What spacing actually means
Spacing doesn’t mean “spread out”. That’s the common oversimplification. Spacing means creating useful distance between players and the ball.
Useful distance is:
- Far enough that the defence has to make a choice (guard me or help on the ball)
- Close enough that you’re a genuine threat (a pass away, within your range)
- Positioned to give the ball-handler an angle to pass, not just a target to dump to
When you watch good basketball and something looks “easy”, it’s usually because the spacing was perfect. Nobody noticed because nothing broke down.
Why it’s hard to teach
Two reasons.
First: it requires vision. A player has to see the whole court, not just the ball. Kids are naturally fixated on the ball. Training court vision takes hundreds of repetitions of not looking at the ball, which feels wrong and uncomfortable.
Second: it looks passive. Good spacing means holding your position and waiting. Youth players want to move. Standing still feels like not contributing. We have to reframe: your position is contributing.
The drill worth trying
5-spot spacing drill.
Mark five spots on the floor — two corners, two wings, one top of key. Put five players on those spots. Put a ball on the floor at the top of the key.

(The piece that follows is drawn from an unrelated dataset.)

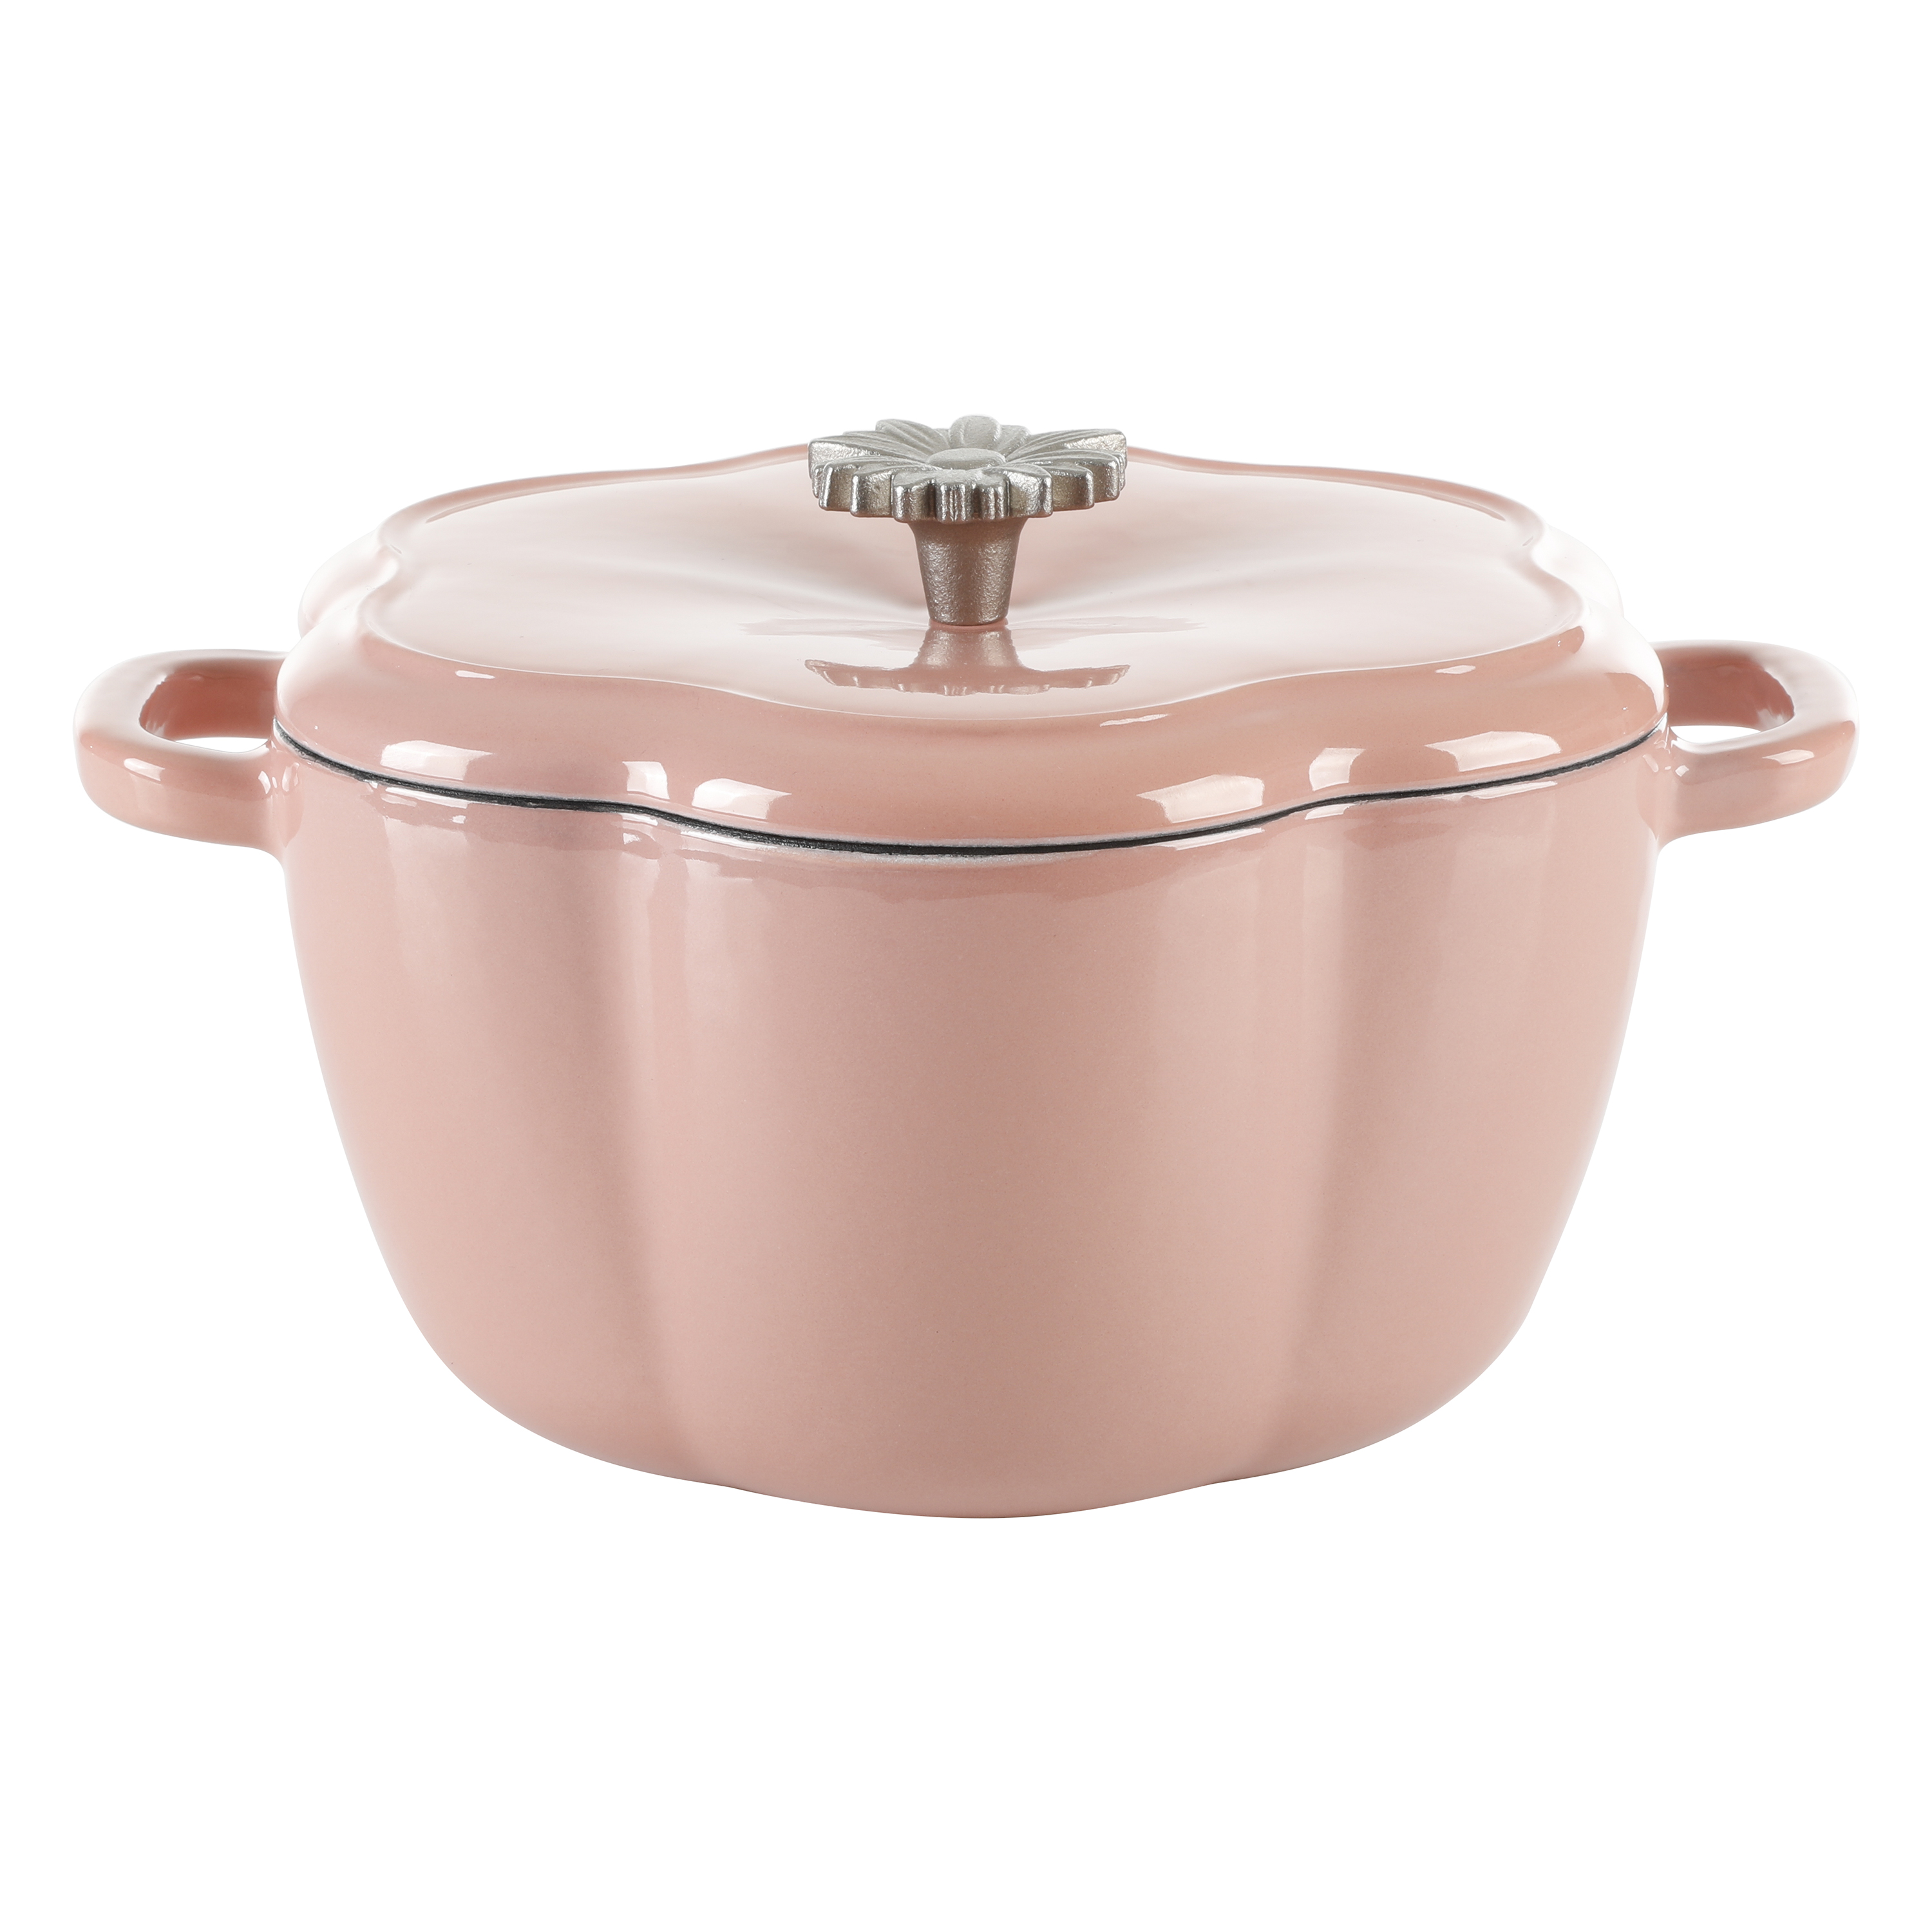 The Pioneer Woman Timeless Beauty Enamel on Cast Iron 3-Quart Dutch Oven, Pink - image 1 of 9
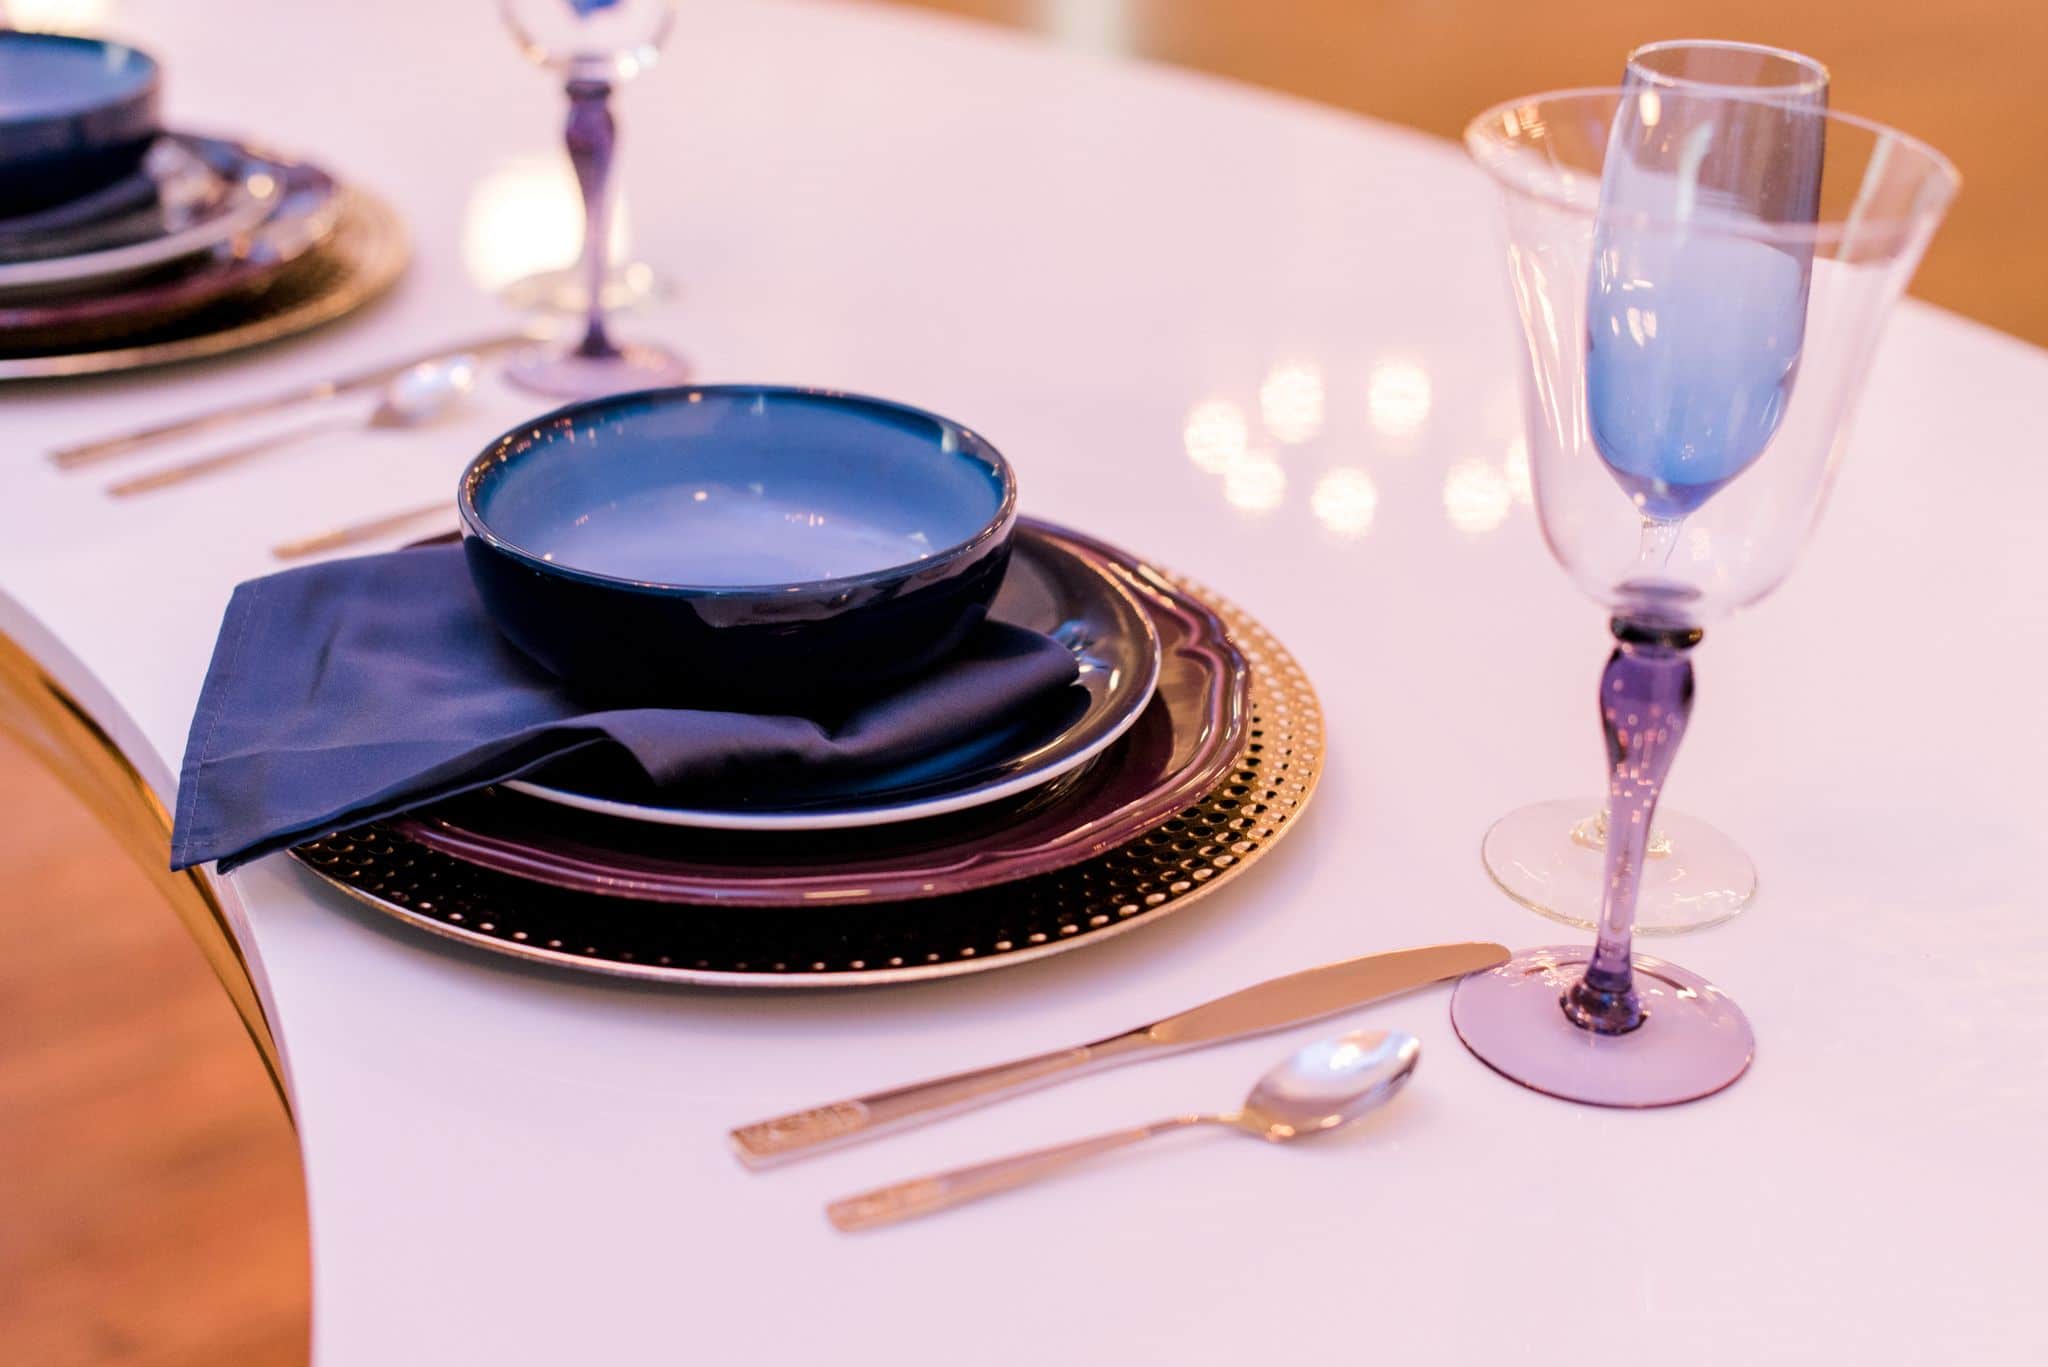 blue and purple tablewear set up for over the moon celestial theme styled wedding shoot

The rule: the ball must make at least 4 passes before anyone can drive or shoot. Every player on every pass must reset to the correct spot if they’ve moved.
That’s it. No defence. Just practising coming back to the right spot.
What you’ll see in the first 5 minutes: complete chaos. Players drifting, bunching up near the ball, standing in the paint.
What you’ll see after 15 minutes: muscle memory starting to build. Kids starting to feel when the spacing is wrong.
That feeling is everything.
What this teaches
Spacing is the beginning of basketball IQ. Once a player understands spacing intuitively, everything else — reading the defence, off-ball movement, when to cut vs. when to hold — starts to make sense.
You can’t teach those things in isolation. But if the spacing is right, the rest of the game starts to organise itself.
That’s why we start here.
Stay in the loop
New posts
by email.
Game breakdowns, session notes, and coaching ideas — when they're published, not on a schedule.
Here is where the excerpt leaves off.